Businesses don’t have a handle on GDPR requirements, says CEO

Many businesses don’t yet have a handle on their regulatory requirements and responsibilities associated with GDPR, according to ID-Pal CEO James O’Toole.

With ID-Pal providing a digital KYC solution that enables businesses to verify their client’s identity, the company is keeping close tabs on the EU General Data Protection Regulation (GDPR).

O’Toole told RegTech Analyst, “GDPR is of critical importance to our solutions, given the sensitive nature of customer information that is being dealt with. Many businesses are still struggling to get a proper handle on their requirements and responsibilities arising from this far reaching regulation. This complexity creates a massive opportunity for RegTech firms such as ourselves to simplify the compliance process so that businesses can focus more attention on their core capabilities.”

GDPR, which will come into force on the 25th May 2018, will impact every business that processes or collects data from EU citizens. Failure to meet the regulatory requirements could result in significant penalties of up to €20m or 4% of global annual turnover

“Helping stakeholders establish and maintain trust with one another is a key plank of our mission. Businesses need to trust that their customers are whom they say they are… Customers need to trust that businesses will keep their personal information secure and private… which is why we have added a DPO and CISO to our team and formed a strategic partnership with cybersecurity and data privacy experts ISAS to ensure best practice is baked into every aspect of our end-to-end solution.”

Another regulation the KYC provider is getting tabs on is The Second Payment Services Directive (PSD2) according to O’Toole.  PSD2 requires banks to open their payments infrastructure and customer data assets to third parties that can then develop payments and information services to customers. However, while the regulation will have huge implications on the financial services space, it is still unclear what the exact impact will be once the dust settles according to O’Toole.

“PSD2 is a very interesting one.
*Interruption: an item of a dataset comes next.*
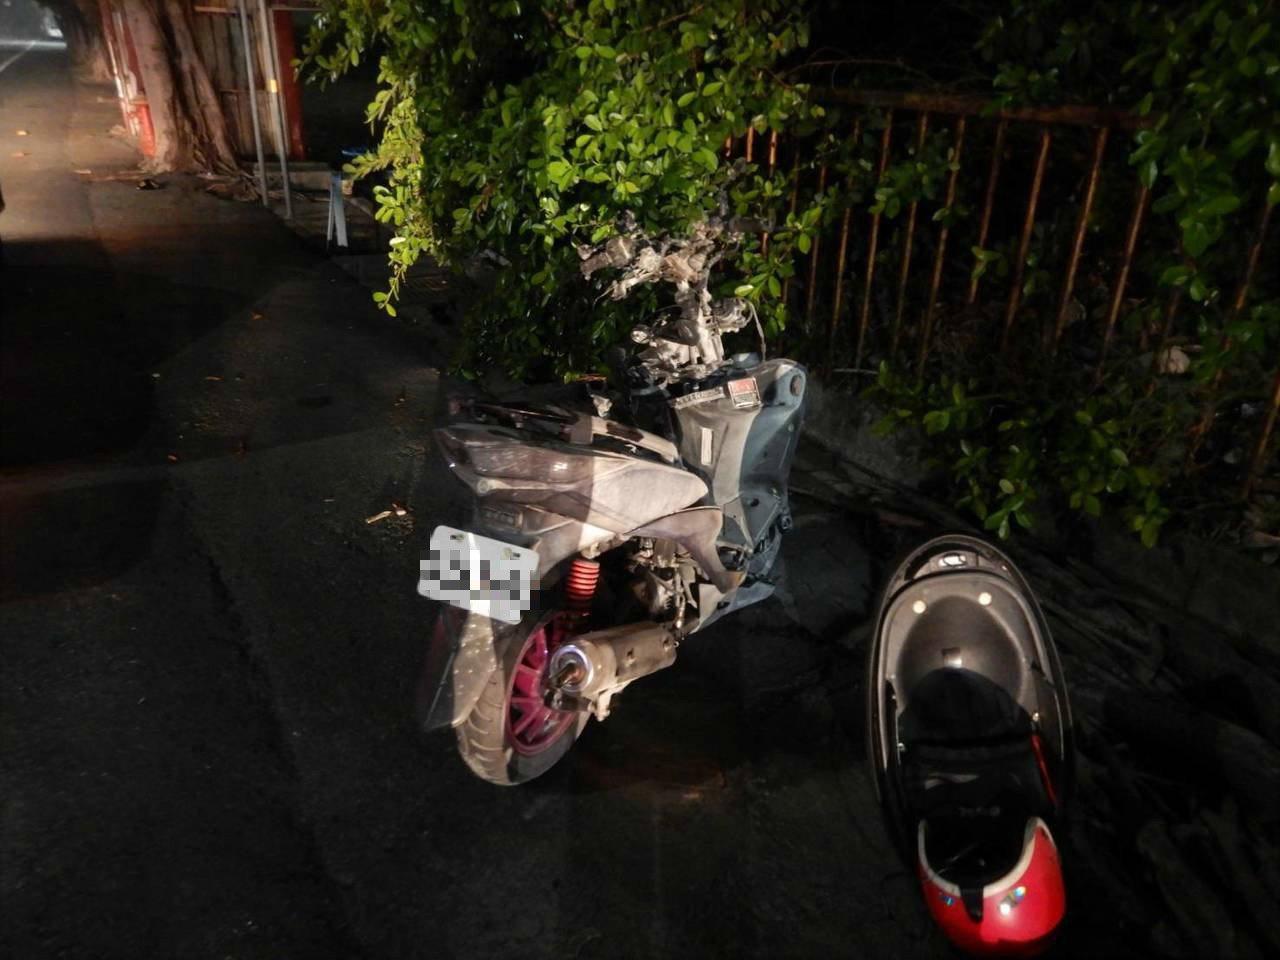 台中市清水區昨晚發生救護車和機車擦撞車禍,騎士重傷。記者游振昇/翻攝

There are many diverse opinions as to how the changing dynamics of open banking will impact industry players,” he said. “But in terms of ID-Pal, the regulation requires Payment Service Providers to provide strong customer authentication for senders who initiate electronic payments…which is perhaps why we’ve been getting the traction we have been from the payments industry more recently.”

FinTech Collaboration

With the industry moving faster than regulation can keep pace with, regulators are making greater efforts to ensure they understand the technologies which are now available in the marketplace. Regulators are also looking to provide more clarity around cloud and blockchain based offerings, as well as provide access to innovation support structures such as sandboxes and safe harbours according to O’Toole.

“At ID-Pal, we are big proponents of increased communication amongst key players within the regulated market. We recently presented to the OCC (the Office of the Comptroller of the Currency), one of the regulators in the US, showcasing our solution. We’ve had similar conversations with regulators on this side of the pond as well. These engagements help to open up dialogue between FinTech players bringing innovative solutions to the market, and the regulator who needs to get a better understanding of how these solutions work so they can better support with appropriate regulation.”

Nearly half of all RegTech companies in the market address AML or KYC regulation according to the Global RegTech Review.

The solutions offered by RegTech companies directly related to regulatory issues or challenges faced by financial institutions. Given the increasingly complex requirements placed by regulatory authorities on AML and KYC procedures, along with the heavy fines imposed for inadequate compliance, it is no surprise that a majority of RegTech solutions address these particular areas of legislation. Over 100 companies around the world provide offerings that makes compliance with AML and KYC regulation more effective or more efficient according to the review.

An analysis of the capital invested in RegTech companies according to the area of regulation addressed by their solutions reveals that KYC appears to be causing the most problems within financial institutions and are thereby deemed to offer the most attractive opportunities for investors. Since 2012, 23.1% of all RegTech investments, which amounts to $878m, can be attributed to investments in KYC solutions.

ID-Pal is an end-to-end SaaS solution for KYC compliance that enables businesses to verify the identity of their customers simply, securely and conveniently. Using advanced mobile technology, the company reduces the risk and cost associated with customer onboarding whilst removing the friction from the user experience, enabling businesses to increase top-line revenues.

“The key differentiator for ID-Pal is that we are a SaaS solution by design and intent” said O’Toole. “Most competitors in the market require significant development, integration and testing in order for a business to implement their solution. With ID-Pal, you don’t!  Our flexible architecture enables a business to configure, brand and integrate ID-Pal into their onboarding process with little or no technical effort. Our seamless and intuitive user experience will be further enhanced once we launch our breakthrough innovation with reusable identity profiles later in the year.”